Hirsch6 years ago

Hope you are seeing an oncologist who treats predominantly PCA

He or she can present you options from which you can choose.

Good luck. 👍

tango656 years ago

This is a recent article about biochemical failure and PSA bounce after brachytherapy.

ncbi.nlm.nih.gov/pmc/articl...

I quote:

"Several guidelines for follow-up after BT for prostate cancer have been described [17, 18]. However, these studies do not mention the factors that distinguish biochemical failure from PSA bounce. When we observe a PSA level of ≥2 ng/ml above the nadir, we check for the presence or absence of recurrence lesions by imaging diagnostic methods, including CT and bone scan. If the increase in PSA levels continues without detectable recurrence lesions, we discuss whether we are observing biochemical failure or PSA bounce, and whether salvage treatment is needed. In this study, the median duration from the date of PSA bounce +2 to the date when the PSA level decreased was 4.5 months, while the maximum duration was 1 year. Sagalovich et al. evaluated the impact of timing of androgen deprivation therapy on survival in a cohort of patients with biochemical failure after BT for prostate cancer [19], but identified no significant difference in survival between immediate and delayed salvage hormonal therapy. The median delay till salvage androgen deprivation therapy in their study was 19 months. We found that a 1-year follow-up after increasing PSA level of ≥2 ng/ml above the nadir with no evidence of proven recurrence did not affect the prognosis of prostate cancer patients. In addition, the time to onset was significantly earlier in PSA bounce +2 than in biochemical failure, as mentioned in other reports mentioned [10–12]. Therefore, 1 year of additional follow-up was useful for distinguishing between biochemical failure and PSA bounce in cases of an increasing PSA level to ≥2 ng/ml above the nadir in patients who were young, had a short time to onset and no evidence of proven recurrence.

"

The results of the Axumin scan will indicate what treatment to follow and when. If there is metastatic disease ADT seems indicated along with Zytiga or chemo (treatments proven to provide a survival benefit in hormone sensitive metastatic prostate cancer). If the metastases are in the lymph nodes only, some may consider radiation or extensive disection. Another possibility could be treatment with Lu 177 PSMA.

Davidl39406 years ago

MO at MD Anderson said he would start ADT at 1.0 and continue for some period. I don’t know how low but he liked to give body a holiday to reduce long term issues of heart disease, bone loss , diabetes, etc.

Hidden6 years ago

That’s a decision that should lie in the hands of a Medical Oncologist who specializes in Advanced Prostate Cancer. We are all different with scope of disease. I have an opinion based on my seeds with 25 sessions of IMRT back in 2003. My PSA never really came down and within 10 or so months, PSA rose dramatically to 32.4 with mets to L2 & T3. I immediately has a Lupron injection and after consulting with my two Radiation Oncologists, I followed their advice. Within six weeks, I started a six month chemotherapy-hormone therapy trial. For me, that did the trick and I have been undetectable ever since. I stopped Lupron/Eligard in February 2010.

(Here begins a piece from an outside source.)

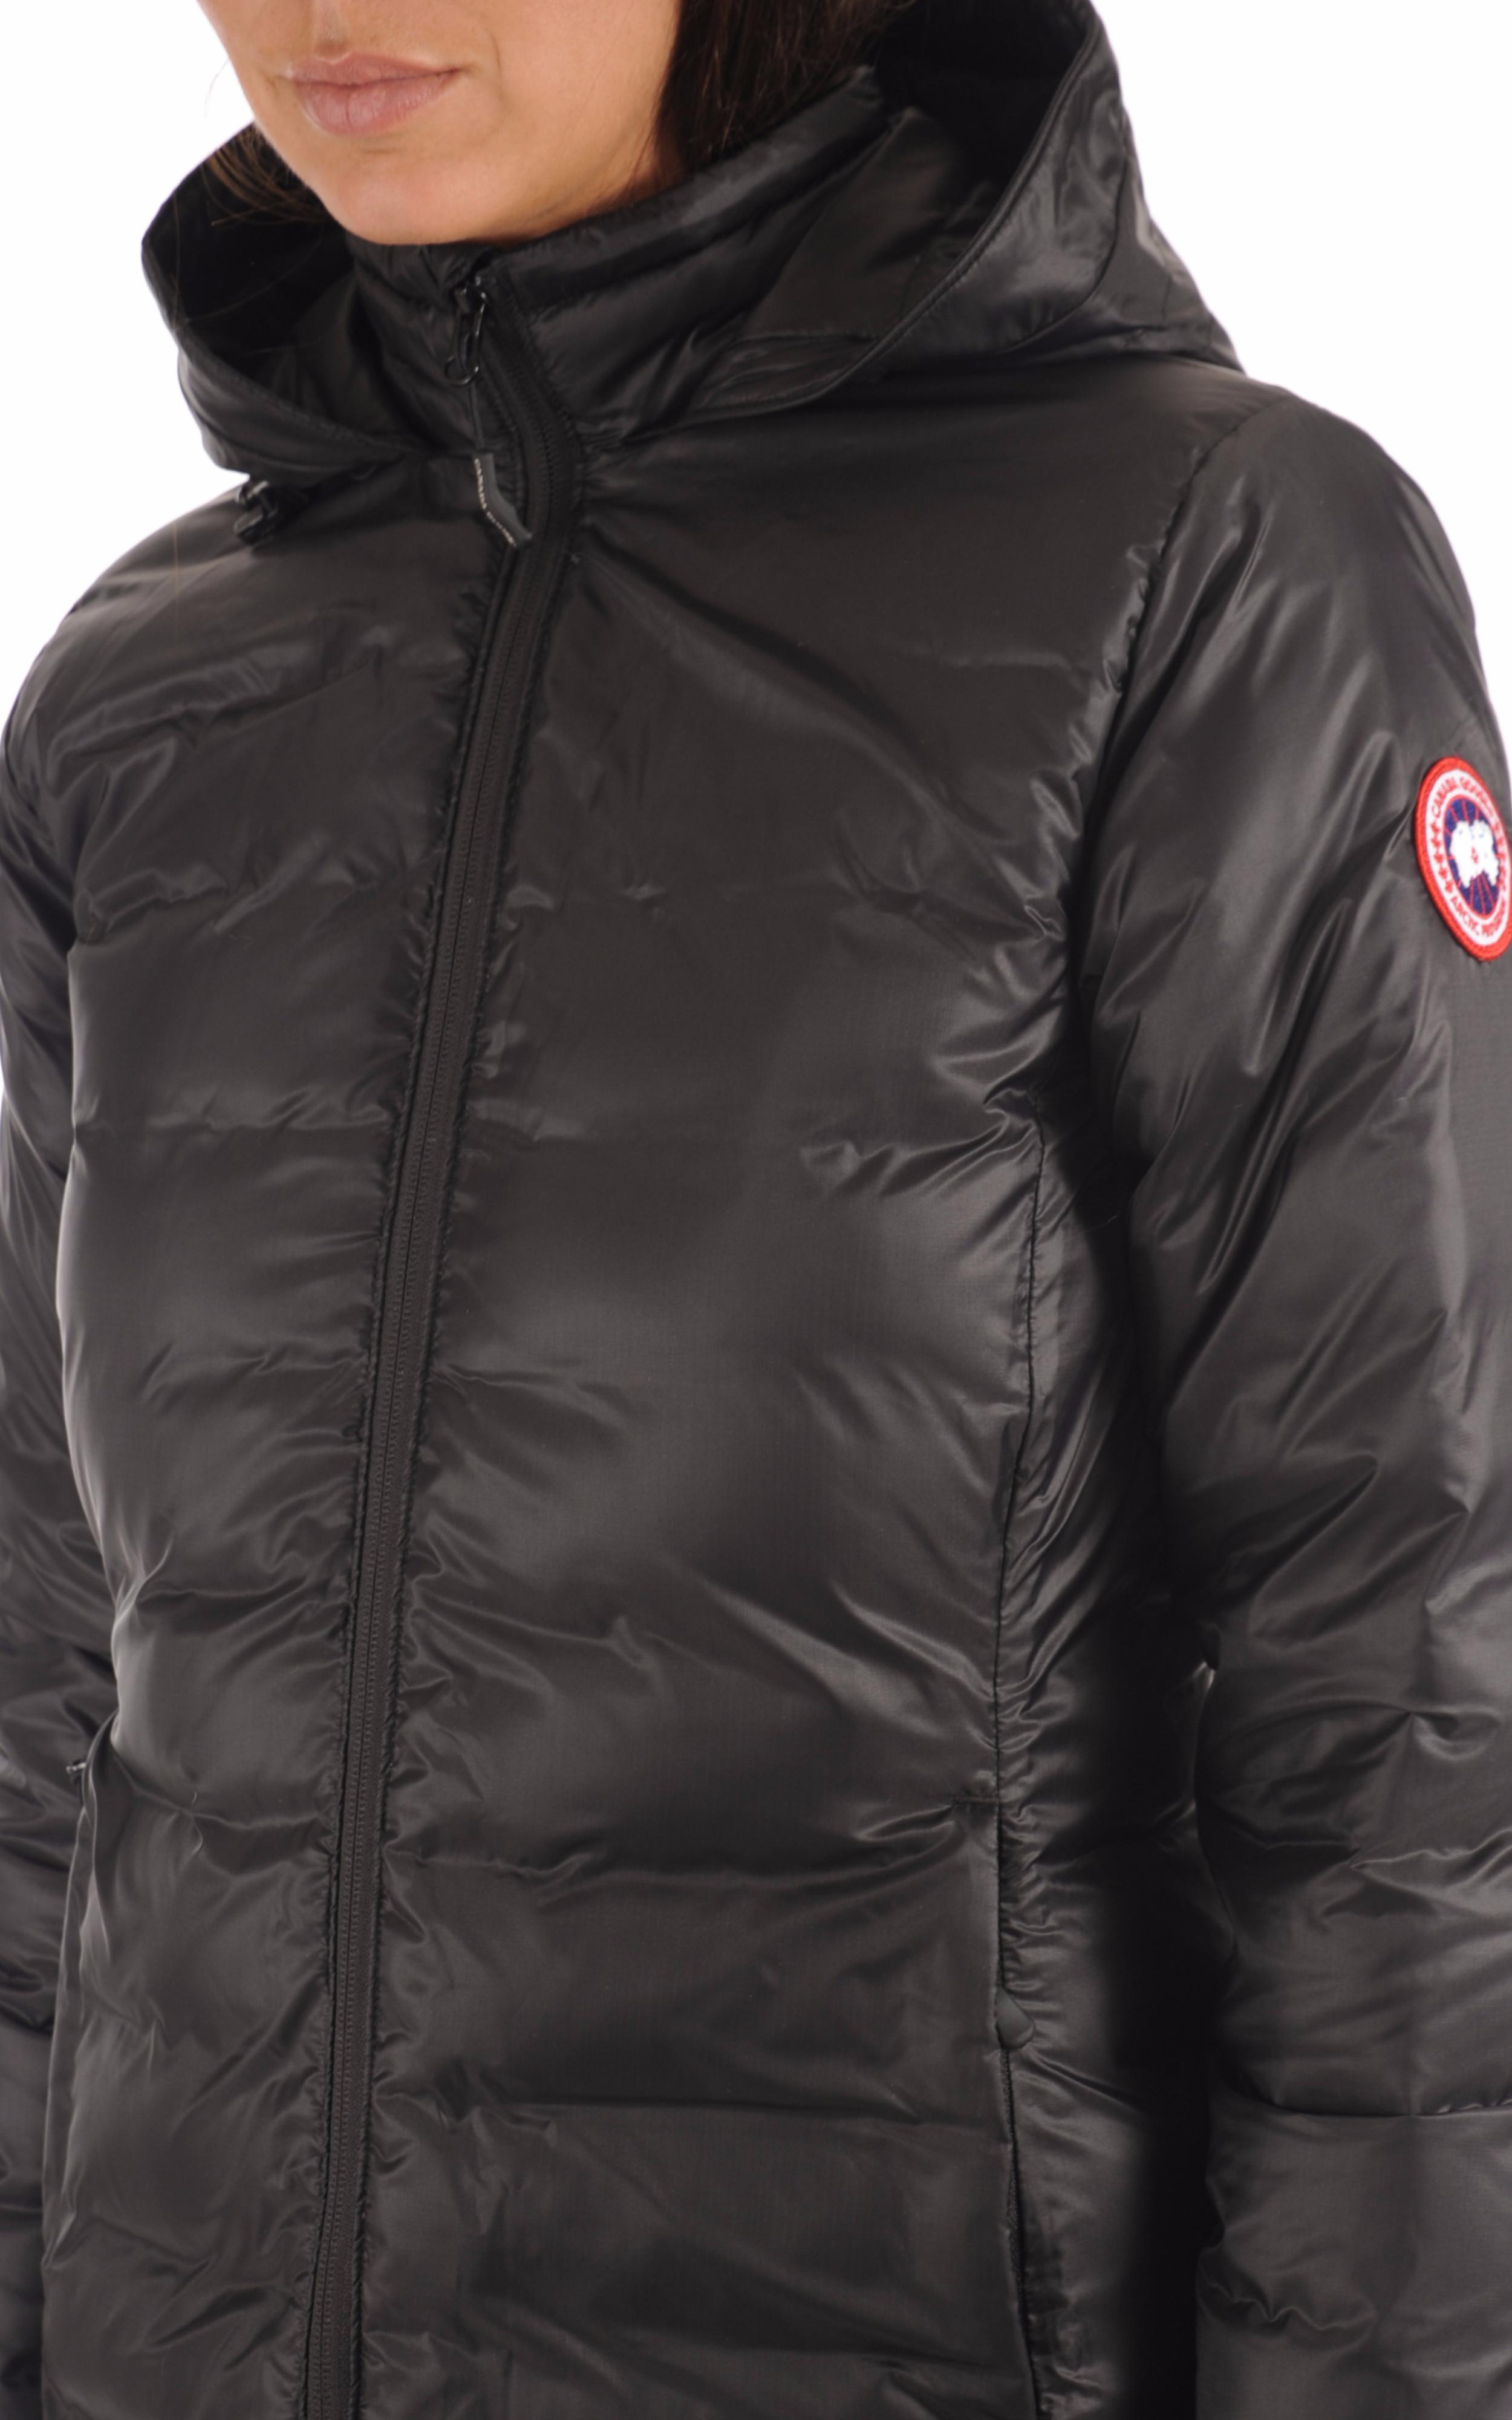 Parka Camp Hooded Jacket Noire Canada Goose

Good luck. Listen to a pro and kick the bastard.

Gourd Dancer

JimVanHorn6 years ago

In 2007 my PSA went to 7, 16, then 26 every 3 months. My Oncologist suggested 42 radiations. Then my PSA went down to 2.4 for about 4 years, but in 2011 it was at 27 and I had a bone scan. The cancer had metastasized, so I had 30 more radiations, started Lupron, and used Casodex for 6 weeks because of testosterone spikes. I stayed on Lupron (Eligard, generic) for 6 and 1/2 years. In June of this year I stopped Lupron and my PSA has been 0.00 and the Doctor said I am cancer free. Now I am on active surveillance to see if it really is gone. Remember each of us has different cancers, in different parts of the prostate, different insurance, and different Doctors, so we make our own decisions. Ask several doctors and get different opinions.

MichaelDD6 years ago

I was diagnosed in March 2016. PSA 12. Gleason 8.

DaVinci removal in June 2016. First PSA after August .024 . Mid October 2016 before 39 sessions radiation to begin .042. Finished radiation December PSA after .080 (January '17) . Since then I have doubling time of appx 4.2 months. Three body scans nothing. This month 1.70 . No HT yet for me. Now that I'm single digit will re examine after GA68-PSMA this month.

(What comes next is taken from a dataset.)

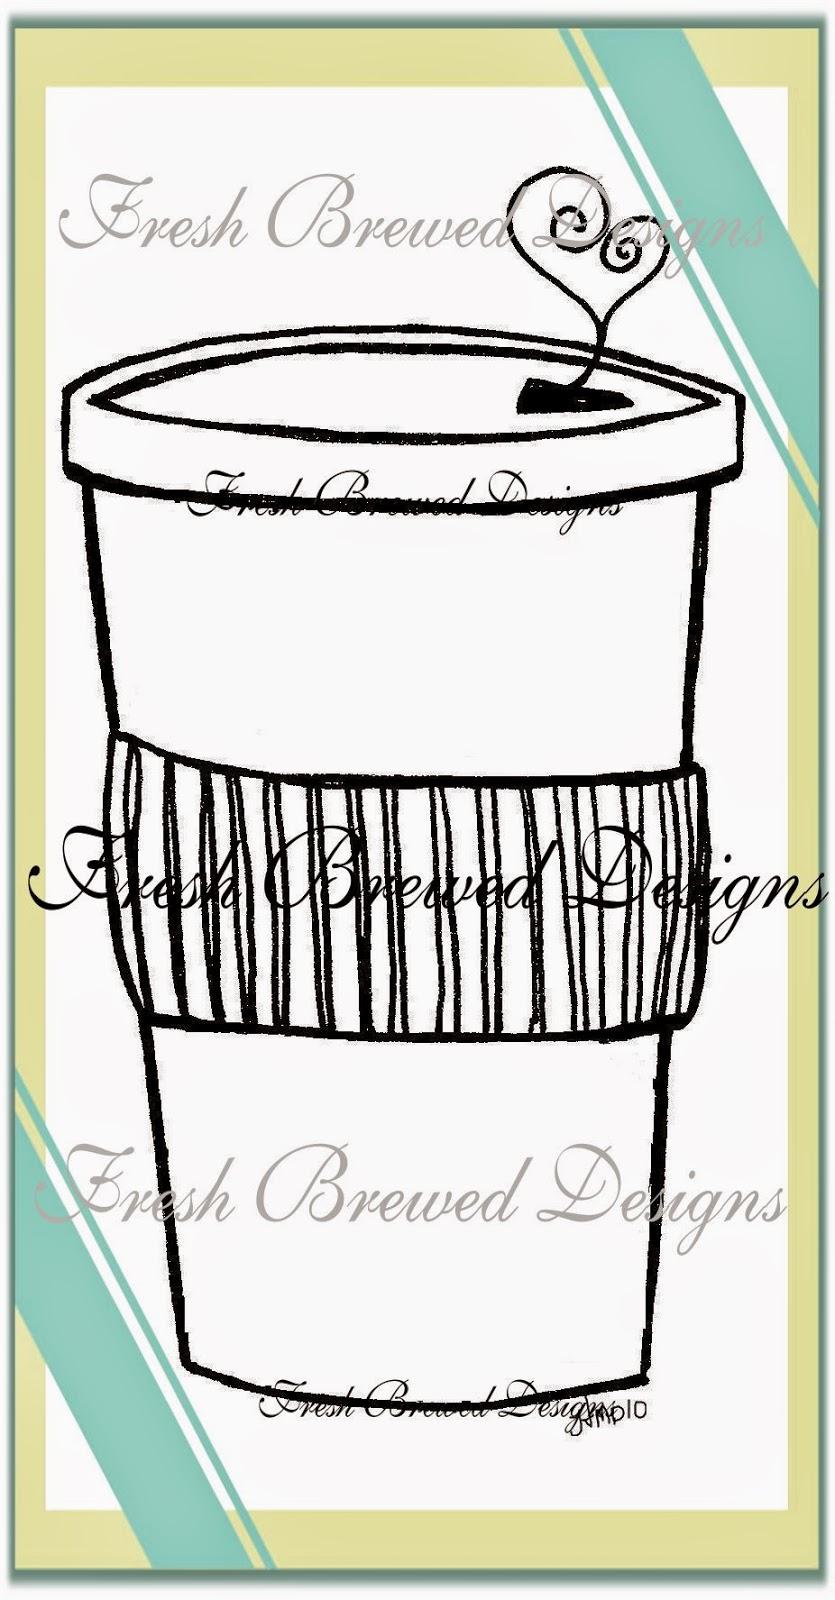 http://www.freshbreweddesigns.com/item_582/Latte-Cup.htm

Quality of life to this point was critical factor in his/my decision.

charlesmeyers19646 years ago

do u realize that the average male carries a psa from 0-4.0 so what are u worrying about. once the gleason score is made then u do treatment immediately but in your case have a drink and relax

dac500 in reply to charlesmeyers19646 years ago

When I was first diagnosed by a biopsy, my PSA was 3.4. There are many cases where men with PSA 2.0 are diagnosed with very aggressive cancer and many of them die from their cancer.

If prostate cancer is successfully treated with removal, the PSA should remain undetectable. Even a small increase in PSA indicates there are cancer cells still in the body producing PSA.

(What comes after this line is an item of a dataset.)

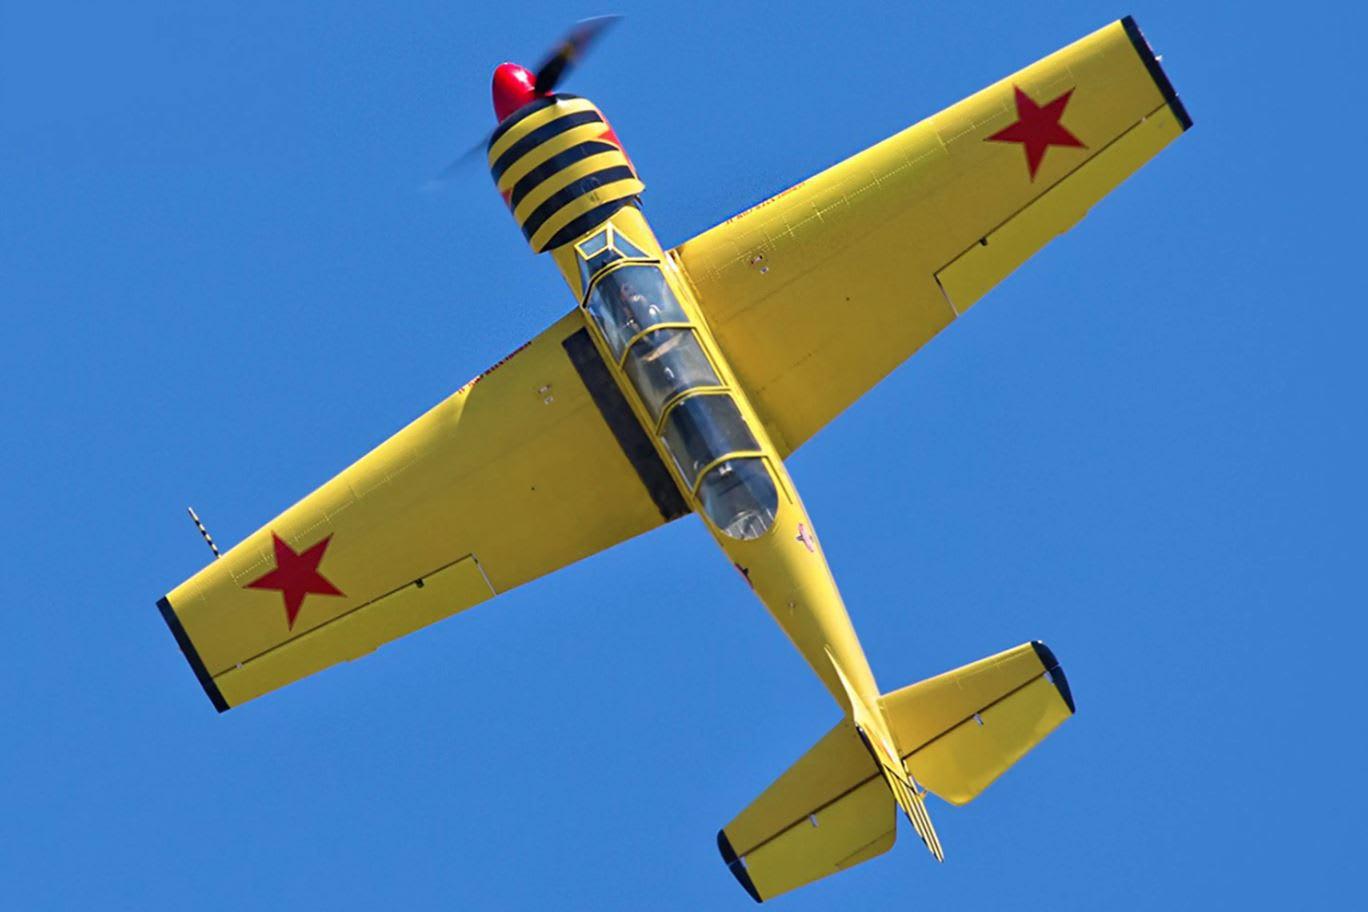 Aerobatics, Yak 52 Extreme Aerobatics, 30-minutes - Hunter Valley, Weekend

After successful radiation treatment, PSA may not become undetectable but should settle down to a small value after a few years.

After my brachytherapy, my PSA went down to 0.1 in two years. But after 5 years it increased to 1.5, when cancerous extra-capsular nodule was detected by another biopsy. When this was treated with cyberknife and ADT, my PSA became undetectable (<0.1) and stayed there for about a year. Then it started quite rapidly. In nine months, it has gone from undetectable to 1.8. The rate at which it is increased, it must have exceeded 2.1 by now. According to acceptable definition of Bio Chemical Recurrence (BCR) of nadir(lowest PSA after primary RT) + 2.0, I have BCR. Now I am going to have Axumin PT/CT scan to find out whether I have clinically detectable cancer. How much I have to worry, would depend on the result of the scan.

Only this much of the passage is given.